Crucially, you must provide contemporaneous documentary evidence to support your claim. If you were delayed abroad due to medical treatment, you must submit letters from hospital consultants detailing the diagnosis, treatment plan, and explicit dates when you were unfit to travel. Business travel or standard employment demands are generally not accepted as serious or compelling reasons unless they are of a highly exceptional nature, such as national security roles or emergency relief work.
The Departure and Return Days Rule
A frequent source of counting errors for ILR applicants is miscalculating the days of departure and return. The Home Office guidance is clear: any day in which you spend part of the day in the UK does not count as an absence. Therefore, the day you fly out of the UK and the day you fly back do not count toward your 180-day absence limit.

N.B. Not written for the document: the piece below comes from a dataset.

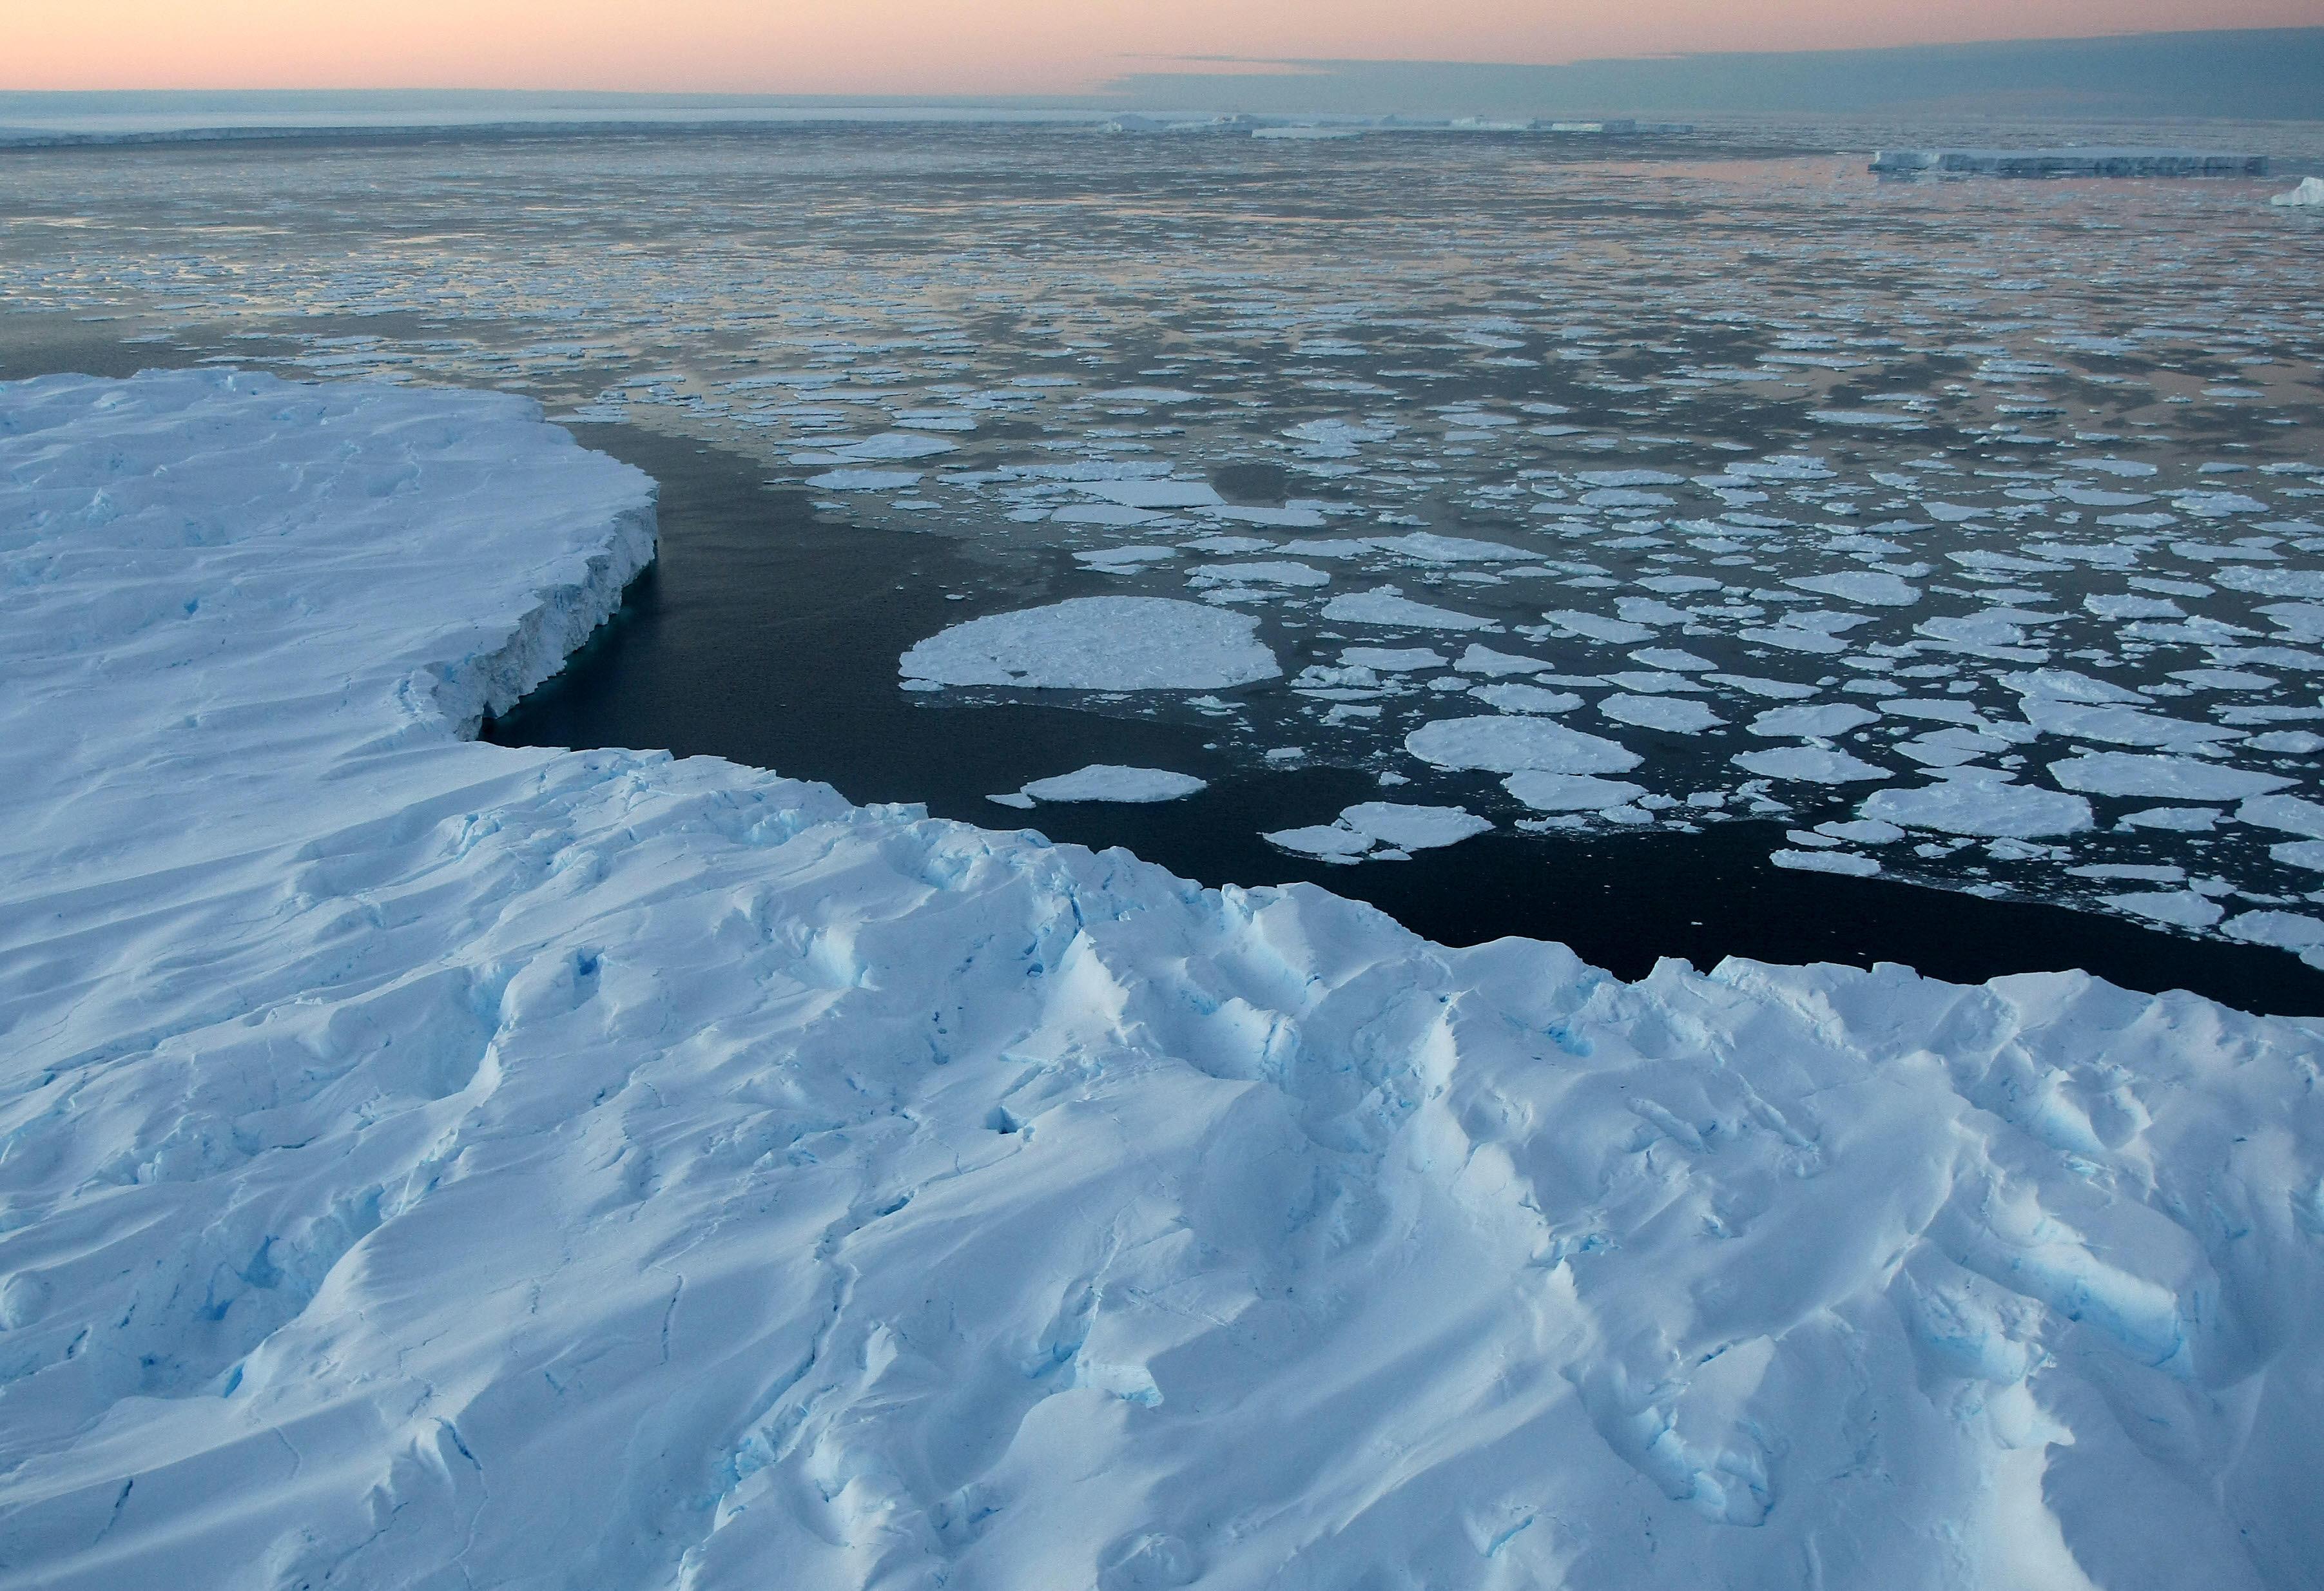 Global warming, climate change, iceberg,

For instance, if you leave the UK on a Friday and return on the following Monday, you were only absent for Saturday and Sunday—a total of 2 days, not 4. When compiling your travel spreadsheet, it is best to log your flight departure times, arrival times, and passport stamp dates to clearly show caseworkers that you have applied the partial-day rule correctly.
Additionally, with the widespread use of automated border gates (eGates) at UK airports, physical entry stamps are rarely placed in passports for many nationalities. This makes personal logs and airline bookings the primary records caseworkers check against UKVI electronic logs. Make sure you retain all boarding passes, ticket receipts, and booking confirmation emails for every trip to ensure there is no gap in your evidence.
Absence Audit Checklist
To ensure your absence log is robust enough to pass the rolling lookback check, complete the following audit steps:
- Compile Flight Bookings: Gather all e-tickets and boarding passes for every trip. These serve as vital evidence if passport stamps are missing or illegible.
- Verify Partial Days: Ensure you have marked departure and return dates as UK days, keeping only full 24-hour days outside the UK as absences.
- Collect Employer Support: Request letters from your employer confirming all business trips were authorized and that you remained employed throughout.
- Document Medical Exceptions: If any trip exceeded the limits, gather medical notes, birth/death certificates, or other formal evidence of compulsion.
- Crosscheck with SAR: Obtain your official UKVI border entry/exit log to verify your personal spreadsheet matches the Home Office database.